Am 03.07.2009 um 09:55vorm. schrieb Gael Guennebaud:

On Fri, Jul 3, 2009 at 9:12 AM, Stefan Ulbrich<s.ulbrich@xxxxxxxxxxxxxx> wrote:

thanks for the answer. Actually, block / corner and minor don't allow you to
select the for example the columns 1,3,4,6. The closest thing I found in
Eigen is the Minor Class which allows to omit one row/col. I now tried to
clone and to modificate this class but haven't finished it yet (still
problems with io.h). This class will take two row-vectors that serve as a
proxy for the addressing of the coefficients (allows for permutations,
repetition of elements...). What do you think: do I have to worry about
speed using this method? Does the use of Minor result in lower speed?

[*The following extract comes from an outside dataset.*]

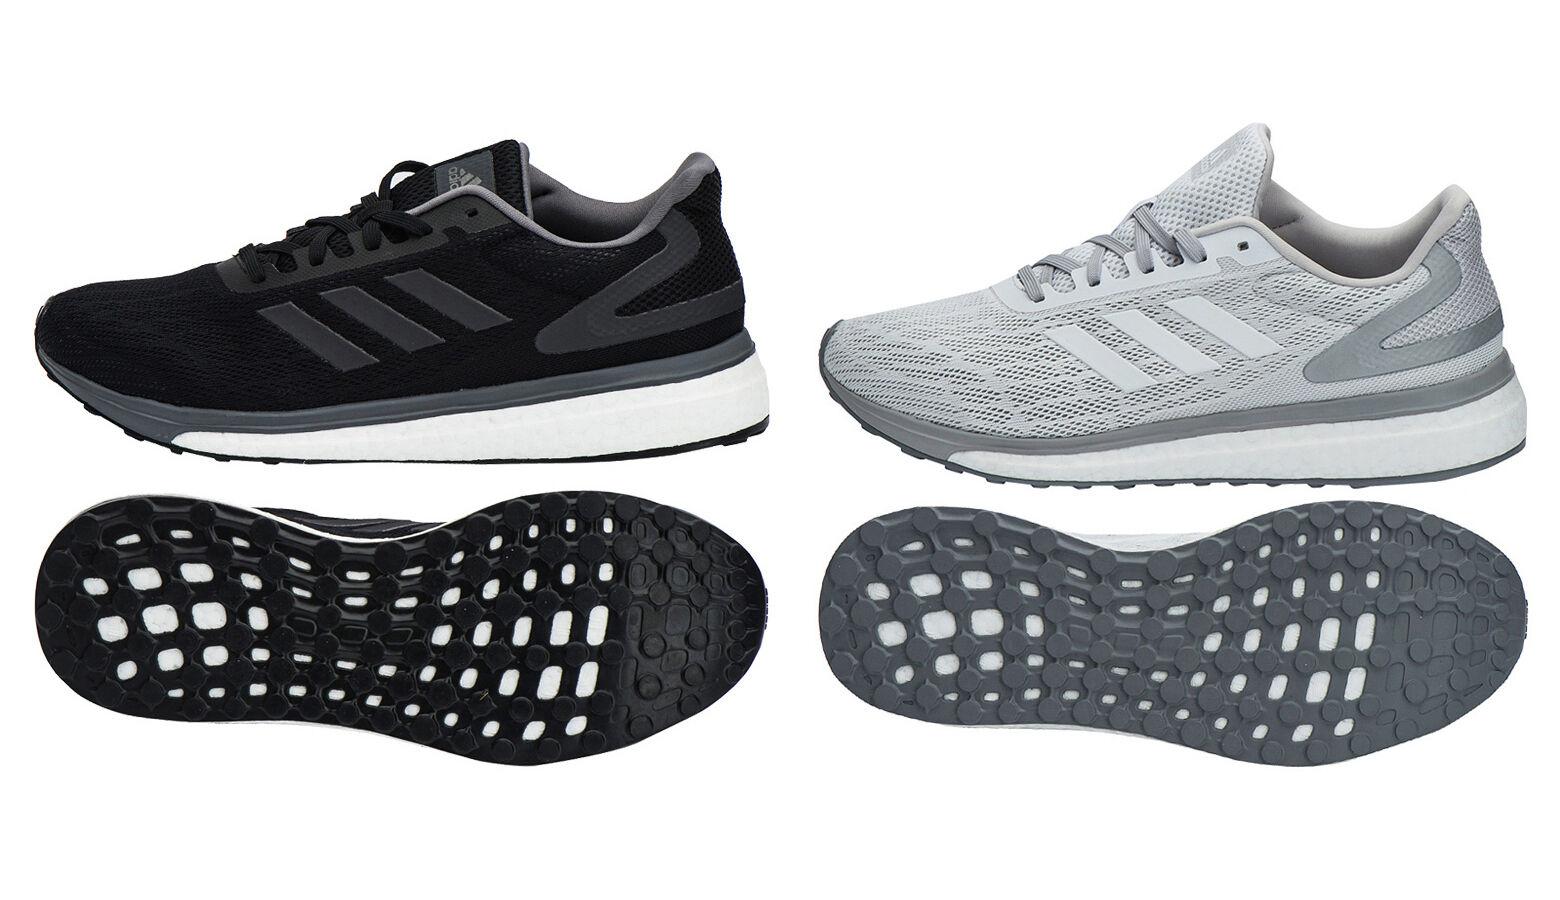 Adidas Response Boost Running Running Running schuhe BB3618 BB3617 Athletic Turnschuhe Trainers 82b862
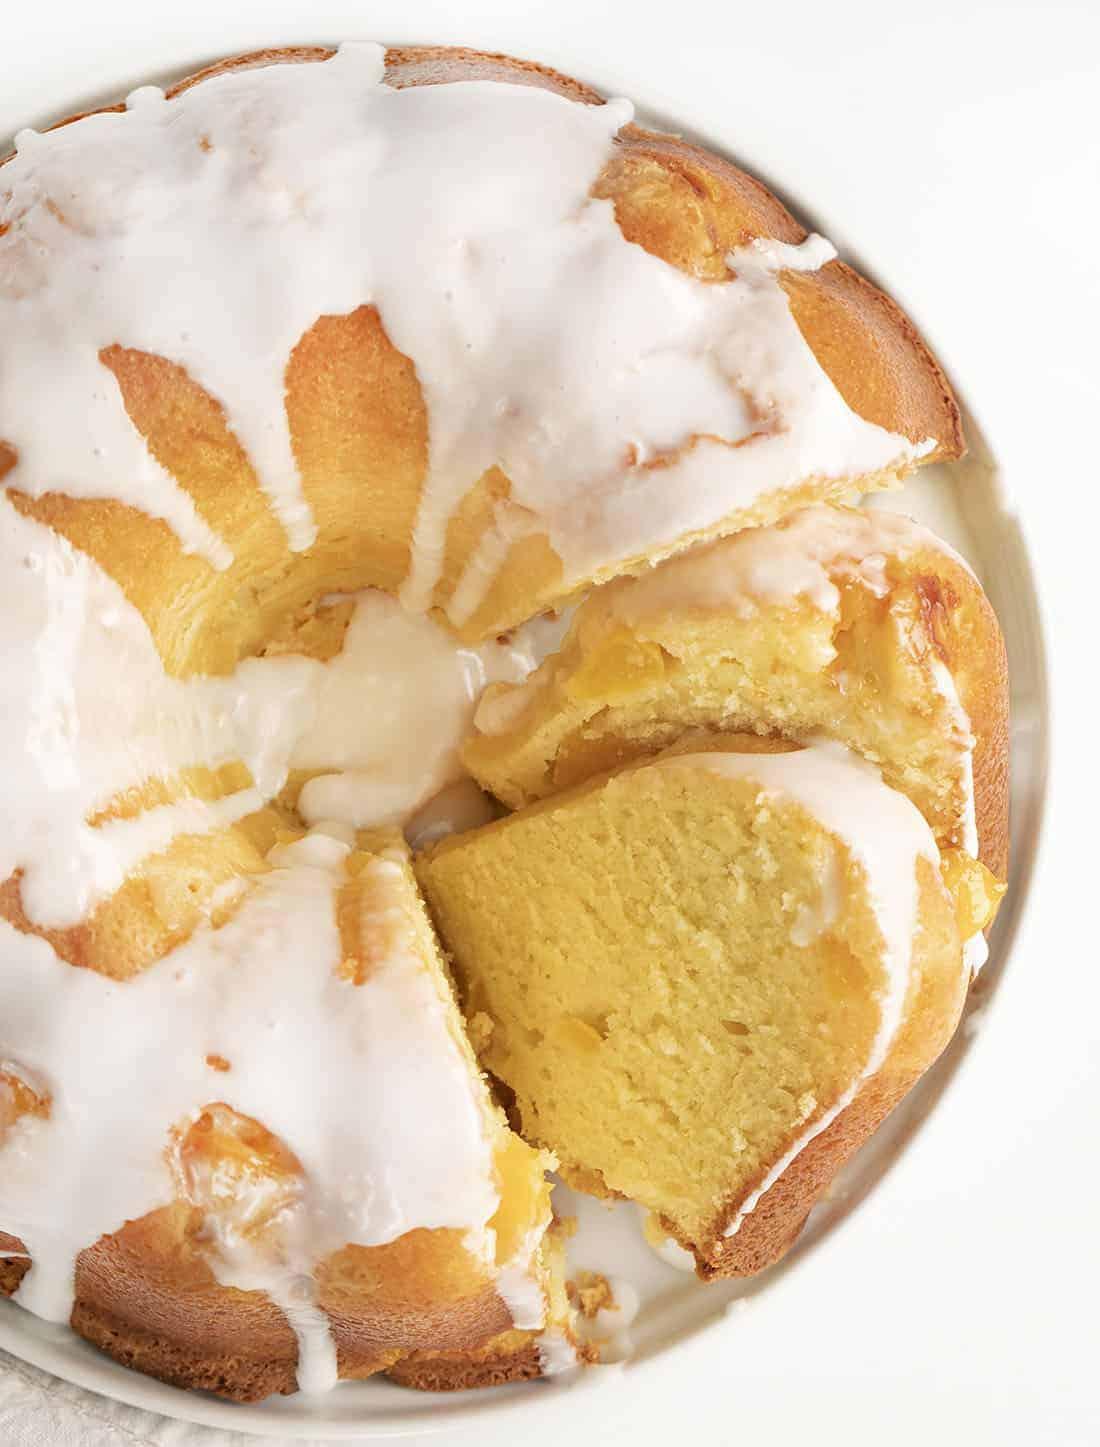 Peach Pound Cake with Vanilla Glaze Cut Into Slices

Indeed this requires a novel _expression_ with a coeff(i,j) method which
looks like:

Scalar coeff(i,j) {
return m_matrix.coeff(m_rowIndices[i], m_colIndices[j]);
}

Assuming the compiler is able to move one of the m_*Indices[] out of
the inner evaluation loop, I guess this should be quite efficient.
Regarding API I think it'd be nice to be able to only provide a list
of rows or columns. To this end, the type of m_rowIndices could be a
template parameter for which the possibilities would be any kind of
integer vectors and a special class having n operator[i] always
returning "i". Regarding the names of these additional classes and
methods, I have no clue.

In the same way I want to create a class that connects matrix with the same
amount of rows (cols) to a single one.

yes it is quite easy to write such a matrix _expression_. Here is how
the coeff(i,j) method would look like:

Scalar coeff(i,j) {
if (j<m_matrixA.cols())
 return m_matrixA.coeff(i,j);
else
 return m_matrixB.coeff(i,j-m_matrixA.cols());
}

The problem is the "if" which will kill the performance (+ no
vectorization, etc.). So, if the memory consumption is not critical
for you I suggest you to copy the matrices to a single bigger one:

MatrixXf A, B, C;
/* ... */
A.resize(B.rows(), B.cols()+C.cols());
A << B, C;

This assignment is fast (vectorized), and then the use of A will be
fast too. Also note that this syntax is very powerful: it allows you
to assemble as many as scalars and/or matrix expressions as you want
in any direction. This is also why you have to set the size of the
matrix A manually. For instance you can  also assemble B and C
vertically:

A.resize(B.rows()+C.rows(), B.cols());
A << B, C;

See the tutorial for other more fancy examples.

cheers,
Gael

cheers,
stefan

Am 02.07.2009 um 19:46nachm. schrieb Thomas Capricelli:

Erm, all of this seems already available,have you read the tutorial
http://eigen.tuxfamily.org/dox/TutorialCore.html

especially the part
http://eigen.tuxfamily.org/dox/TutorialCore.html#TutorialCoreMatrixBlocks

Anything specific you think about that can not currently be done ?

regards,
Thomas

In data giovedì 02 luglio 2009 18:47:16, Stefan Ulbrich ha scritto:
: > Hello,

in matlab you can select a partial matrix by explicitly specifying
which cols and rows to take from the original matrix, e.g. with
A([1,3],[2 4])
further, it would be interesting to combine blocks into a matrix that
serves as a proxy to the elements: A = [B C]
I'd really would really like to see that functionality in eigen2. Do
you think this is possible? Do you have any suggestions on how to
start implementing it?

best regards,
Stefan

--
Thomas Capricelli <orzel@xxxxxxxxxxxxxxx>
http://www.freehackers.org/thomas